Fecha: 04 de Febrero de 2013

Tribunal: AP - Navarra

Nº de sentencia: 6/2013

Núm. Cendoj: 31201370032013100066


Encabezamiento

S E N T E N C I A Nº 6/2013

Ilmo. Sr. Presidente:

D. AURELIO VILA DUPLÁ

Ilmos. Sres. Magistrados:

D. JESUS SANTIAGO DELGADO CRUCES

D. ILDEFONSO PRIETO GARCÍA NIETO

En Pamplona , a 4 de febrero de 2013 .

La Sección Tercera de la Audiencia Provincial de Navarra , compuesta por los Ilmos. Sres. Magistrados que al margen se expresan, ha visto en grado de apelación el Rollo Civil de Sala nº 236/2012, derivado del Procedimiento Ordinario nº 843/2010 , del Juzgado de lo Mercantil Nº 1 de Pamplona ; siendo parte apelante, la demandante , la sociedadOCHOA LACAR HNOS SL , r epresentada por el Procurador D. José María Ayala Leoz y asistida por el Letrado D. Carlos María Bacaicoa Hualde ; parte apelada, D. Casimiro en situación de rebeldía procesal.

Siendo Magistrado Ponente el Ilmo. Sr.
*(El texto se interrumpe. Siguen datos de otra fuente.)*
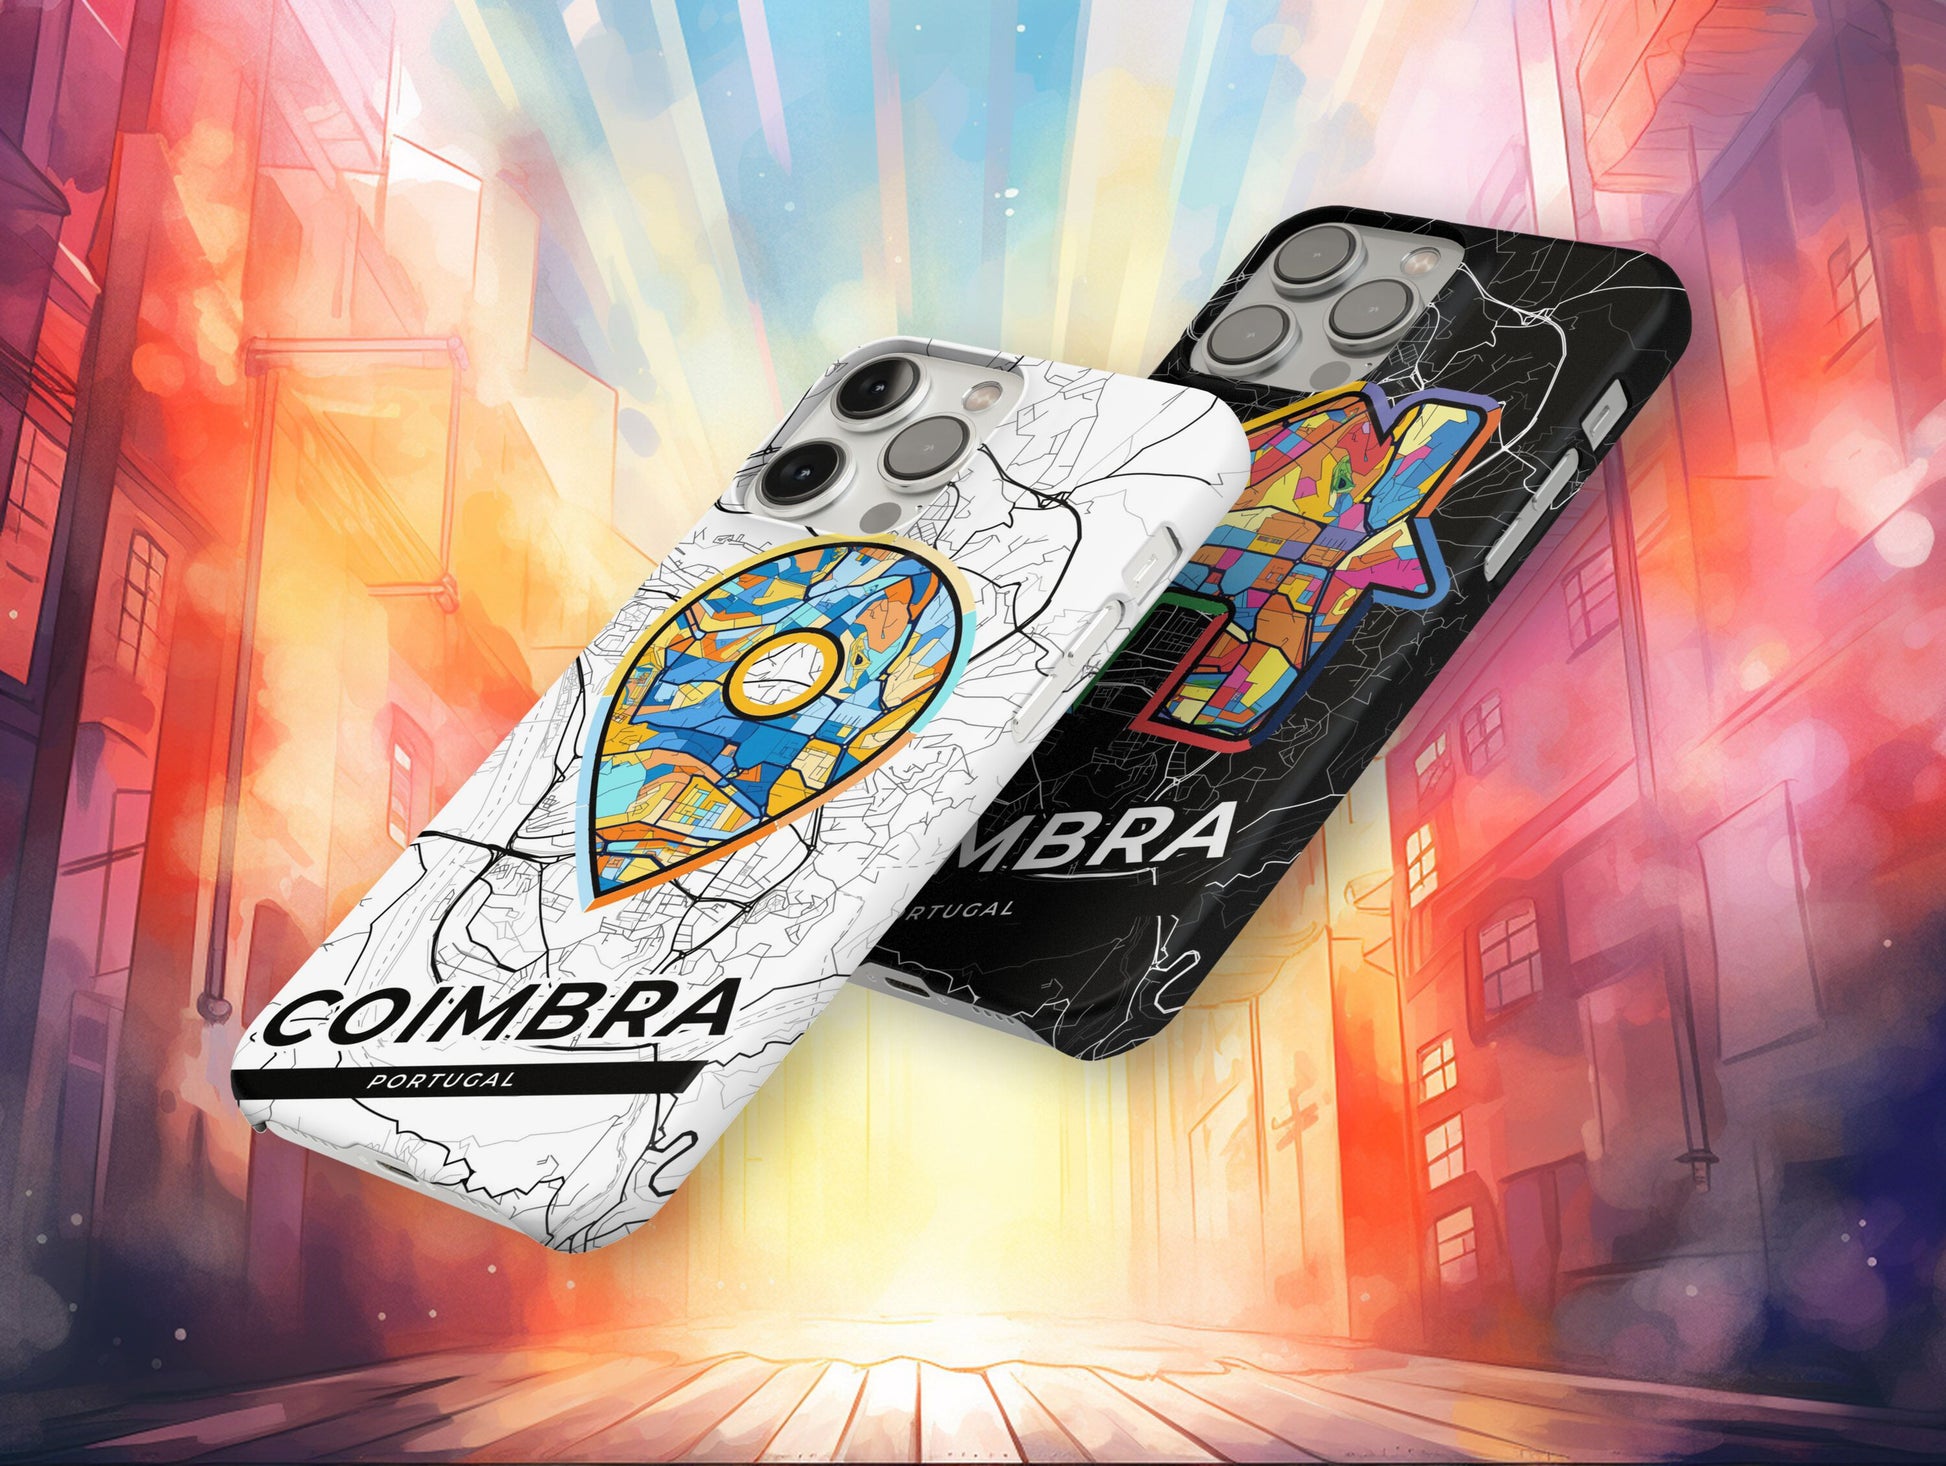 Coimbra Portugal slim phone case with colorful icon. Birthday, wedding or housewarming gift. Couple match cases.
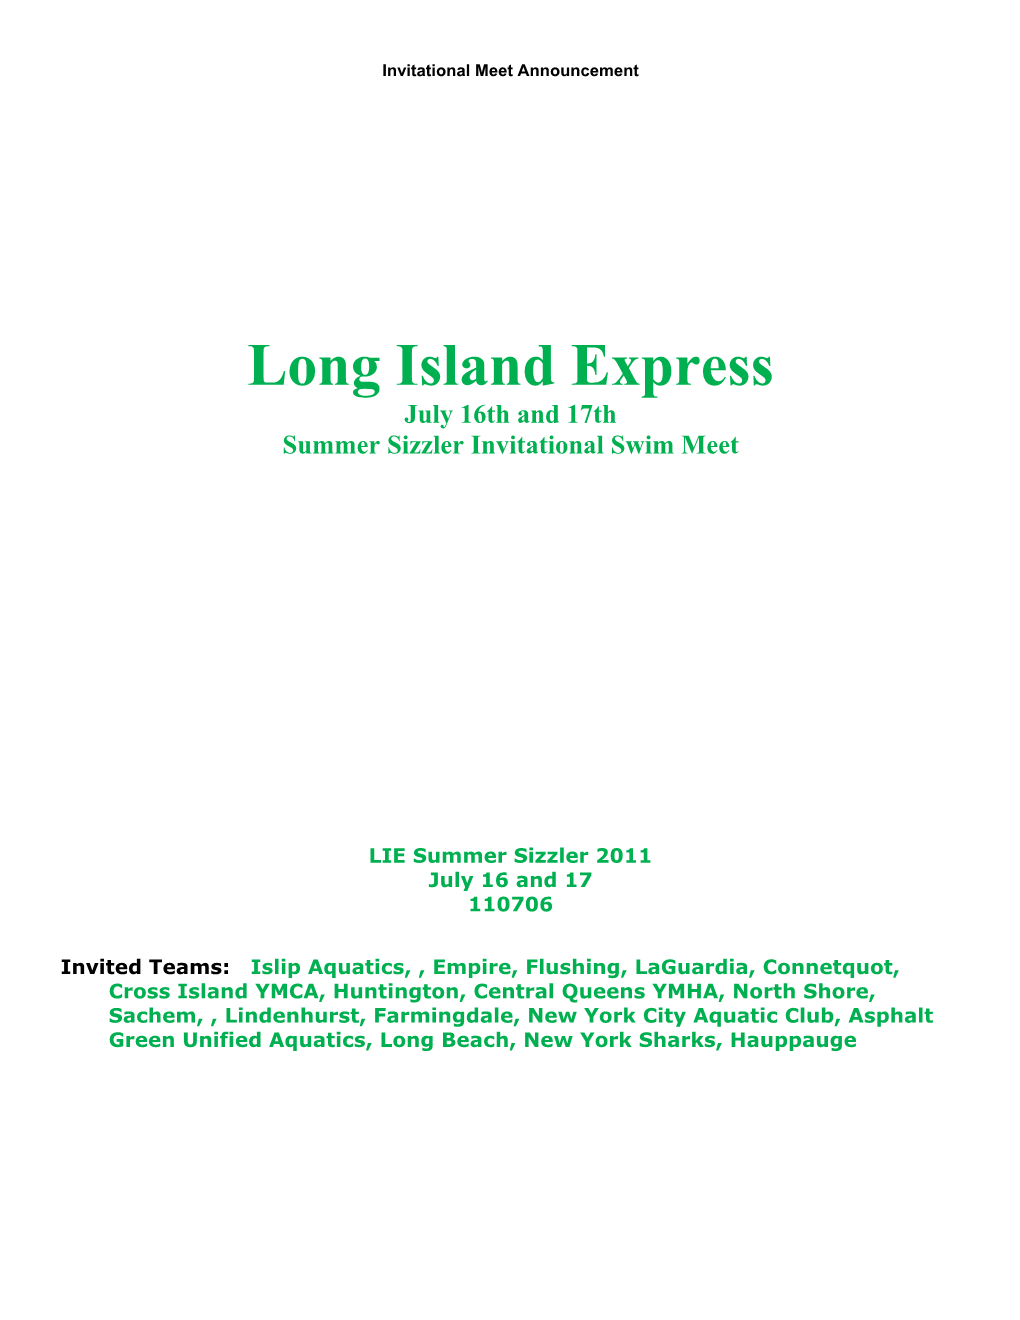 Long Island Express July 16Th and 17Th Summer Sizzler Invitational Swim Meet

D. JESUS SANTIAGO DELGADO CRUCES .

Antecedentes

PRIMERO.-Se aceptan los de la sentencia apelada.

SEGUNDO.- Con fecha 11 de junio de 2012 , el referido Juzgado de lo Mercantil Nº 1 de Pamplona dictó Sentencia en el Procedimiento Ordinario nº 843/2010 , cuyo fallo es del siguiente tenor literal:

'Que debo desestimar y desestimo la demanda interpuesta por OCHOA LACAR HERMANOS S.L., contra Don Casimiro y, en consecuencia, ABSUELVO al demandado de las peticiones en su contra y CONDENO a la parte actora al abono de las costas de esta instancia'.

TERCERO.- Notificada dicha resolución, fue apelada en tiempo y forma por la representación procesal de la parte demandante , OCHOA LACAR HNOS SL .

CUARTO.- Admitida dicha apelación en ambos efectos y remitidos los autos a la Audiencia Provincial, previo reparto, correspondieron a esta Sección Tercera, en donde se formó el Rollo de Apelación Civil nº 236/2012 , habiéndose señalado el día 8 de enero de 2013 para su deliberación y fallo.


Fundamentos

PRIMERO.-La entidad demandante formuló demanda contra D. Casimiro en su condición de administrador de la Sociedad Limitada Tecnología Navarra en Obras y Proyectos 2003, S.L. reclamándole el pago de la suma de 10.052,43€ de principal más intereses y ello al amparo de los dispuesto en los antiguos artículos 69.1 LSRL y 133 y 135 LSA por un lado; y de los establecido en el artículo 105.4 y 5 de la LSRL en relación con las causas contenidas en las letras c ), e ) y f) del artículo 104 del referido texto legal .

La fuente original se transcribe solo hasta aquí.